Que dire aux parents ?

Le ministre a trouvé avantage à faire appel à des scientifiques pour légitimer ses orientations. Mais il faut savoir que le courant de recherche sur lequel il s’appuie est en désaccord avec celui des chercheurs praticiens, psychologues, pédagogues. En effet, ces scientifiques méconnaissent le terrain et ne prennent pas en compte toute la complexité de l’acte de lire. Il est donc préférable, surtout dans le contexte actuel, de prendre le temps d’informer les parents sur les méthodes utilisées et sur la façon dont ils doivent s’y prendre pour « les leçons ». Cela se fait d’ailleurs souvent lors des réunions de rentrée. Mais il est important aussi de faire prendre conscience aux parents que, malgré toutes les pressions, leur enfant n’est pas une machine et que respecter son rythme n’en fait pas un condamné à l’échec scolaire. Le travail d’apprentissage se poursuit au CE1. Et puis, il ne faut pas hésiter à faire un état des lieux : « Votre enfant bénéficiait de temps d’adaptation mais la maîtresse est en congé maternité et personne n’est prévu pour la remplacer. » Redonner
à César ce qui est à César : les manques en terme de moyens humains ou techniques... Les parents peuvent du coup s’avérer plus actifs dans la défense d’un véritable service public d’éducation.
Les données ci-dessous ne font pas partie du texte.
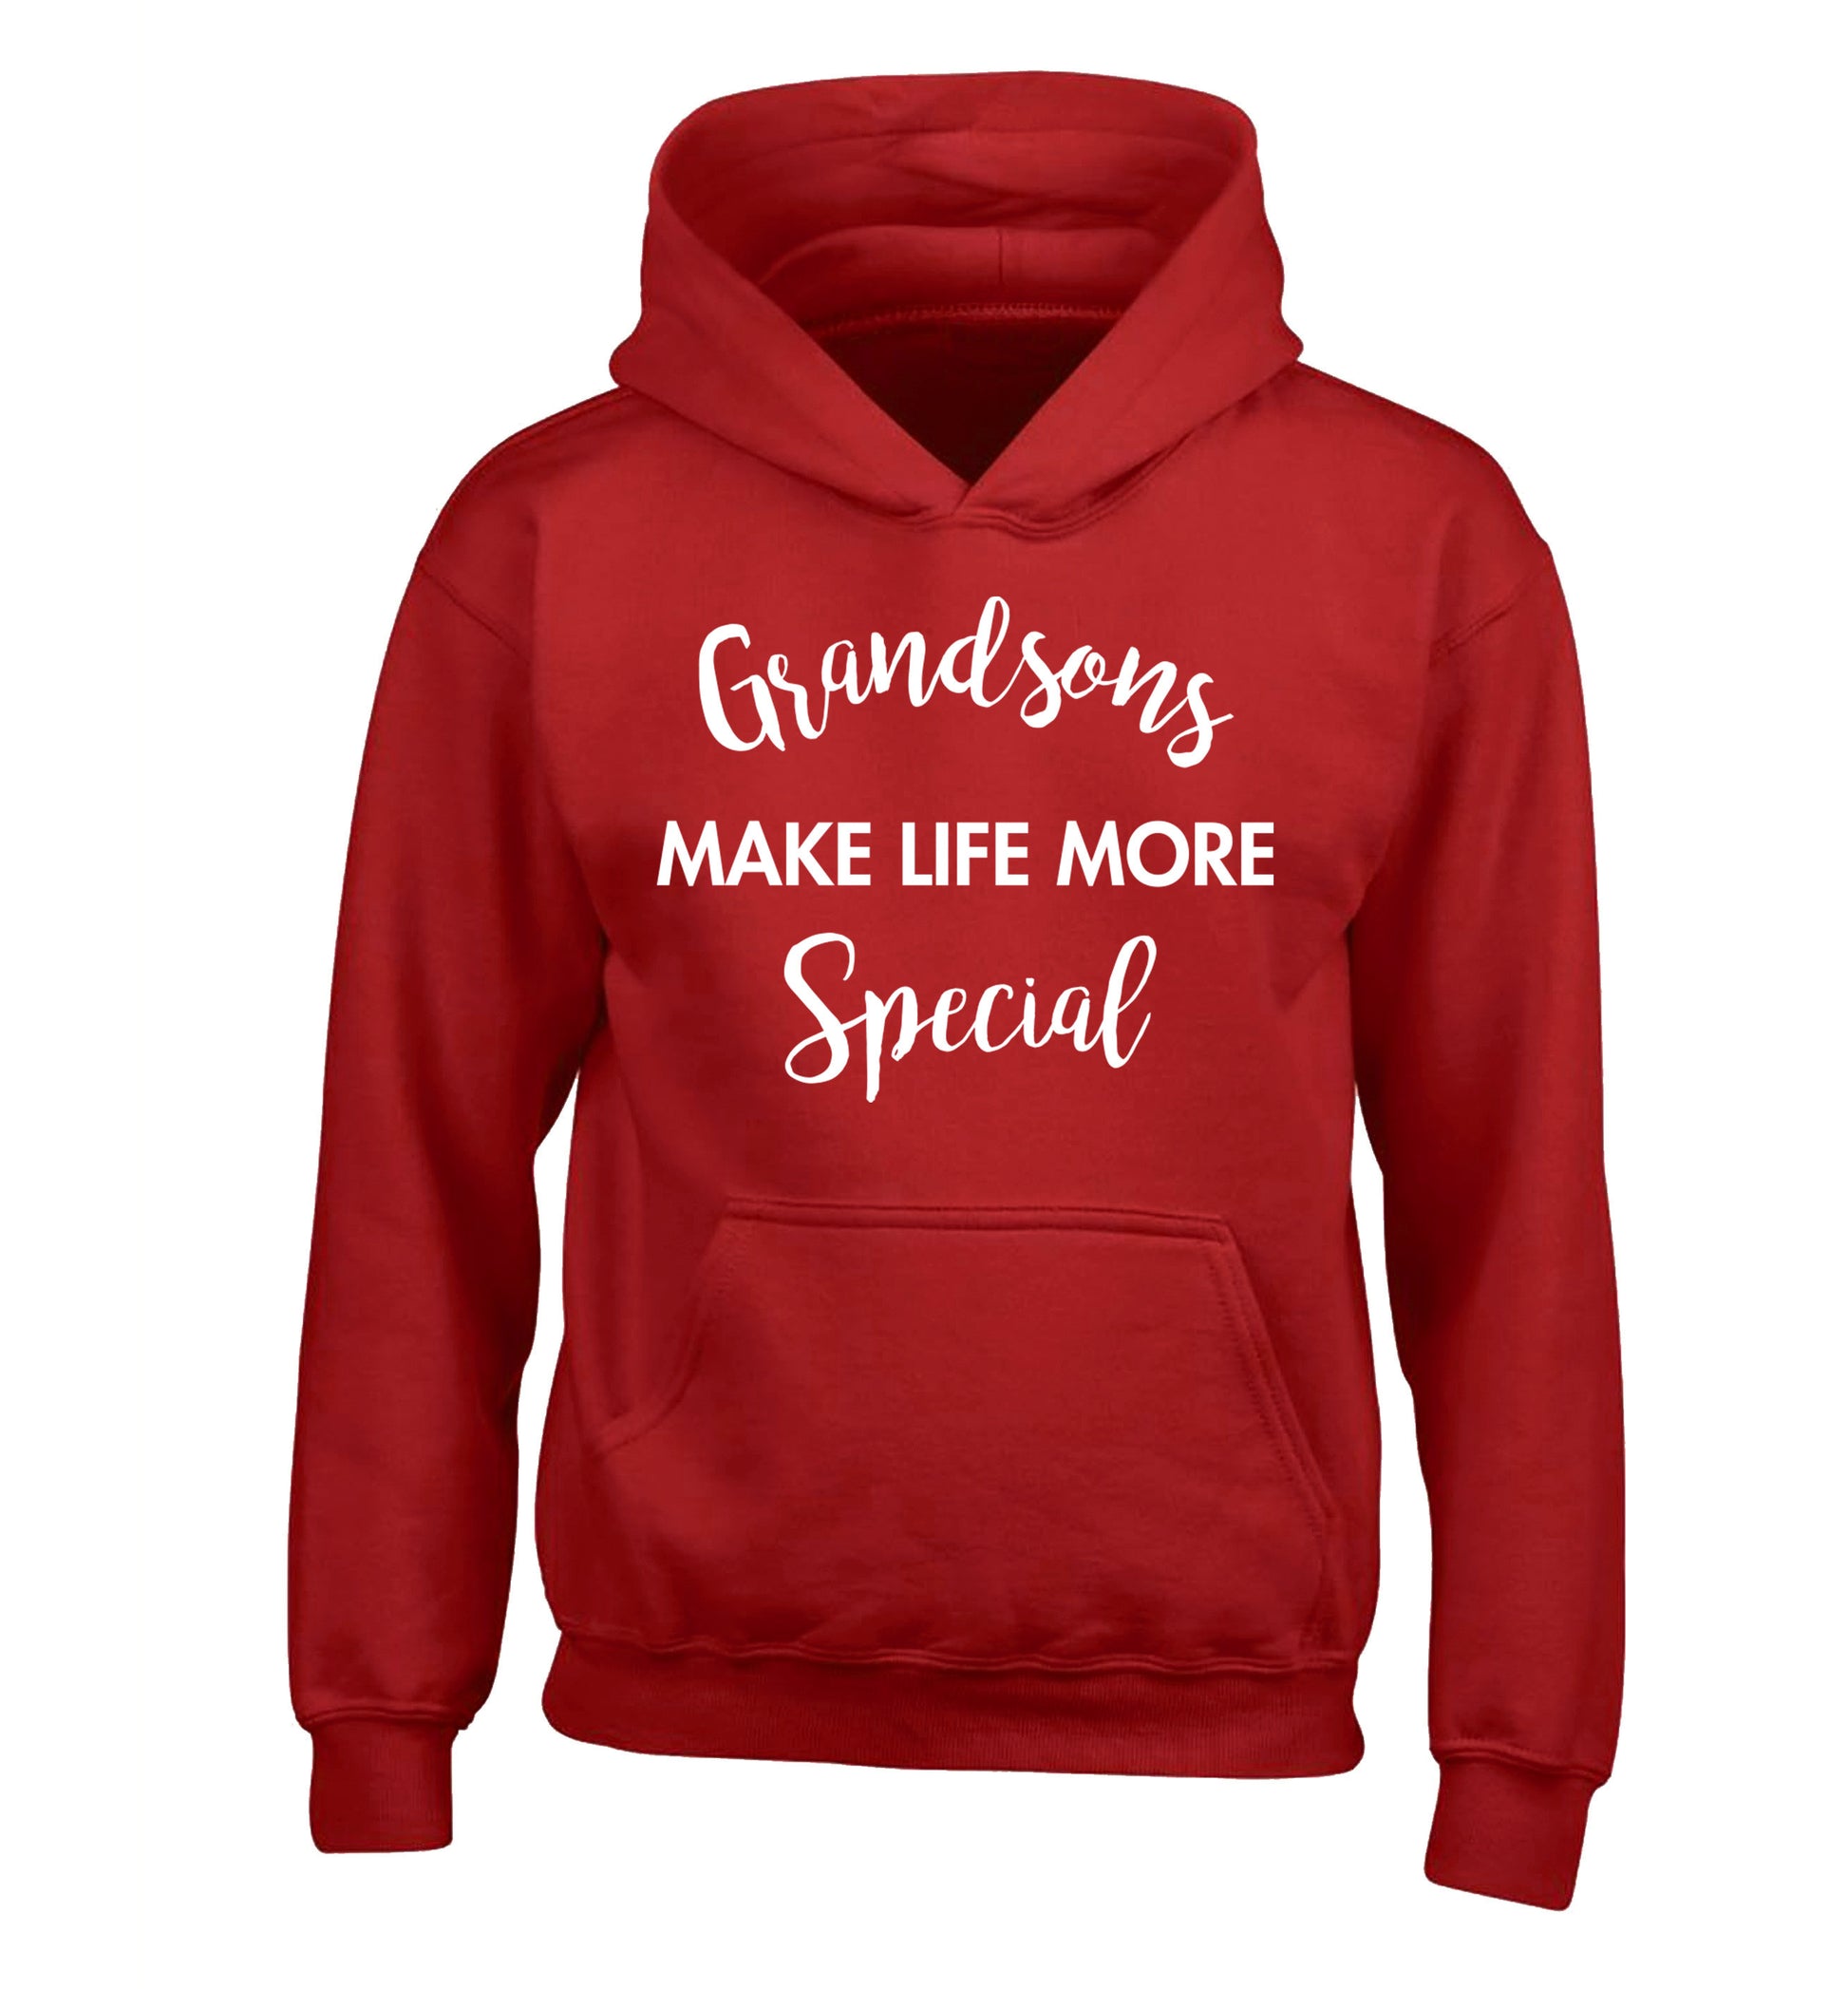 Grandsons make life more special children's red hoodie 12-14 Years

Et les méthodes de lecture ?

Il nous semble clair que l’on doit mettre en place DES méthodes de lectures et adapter au mieux notre travail aux besoins des enfants et à leur façon de fonctionner. Des textes existent, officiels et écrits par des gens compétents :
- La circulaire départementale du 8 septembre 2004 qui a pour objet : « Apprentissage de la lecture au cours préparatoire »
- Les brochures du Ministère « Lire au CP, repérer les difficultés pour mieux agir » du 14/10/2002 et « Lire au CP, enseigner la lecture et prévenir les difficultés dans les CP à effectifs réduits ou à encadrement renforcé » du 08/01/2004.

Vous trouverez sur ces documents d’autres références. Et alors, si vous vous sentez en difficulté ou mal à l’aise, commencez par contacter votre conseiller pédagogique pour lui réclamer ces textes. Il y a aussi le bulletin officiel n°2 du 12 janvier 2006 « apprendre à lire » où l’on se rend compte qu’après tout ce tintouin, le Ministre accouche d’une souris car rien n’est véritablement remis en cause dans les programmes de 2002. Nous émettons cependant une réserve quand le Ministre écrit « le but de la lecture est d’accéder au sens précis des mots, puis des phrases, puis des textes. » La pratique nous montre qu’une telle linéarité est loin d’être la règle et que l’accès au sens global d’un texte peut aussi permettre l’accès au sens précis d’un mot.

Bref, l’apprentissage de la lecture se satisfait mal de caricatures et de formules à l’emporte-pièce. C’est un problème complexe sur lequel il nous semble fondamental de continuer à travailler en toute sérénité. En attendant, la seule vraie réponse du Ministère, c’est de rendre obligatoire l’évaluation au CE1 en vue de mettre en place des Projets Personnalisés de Réussite Educative dont on ignore tout du contenu... l’enseignant est son propre recours !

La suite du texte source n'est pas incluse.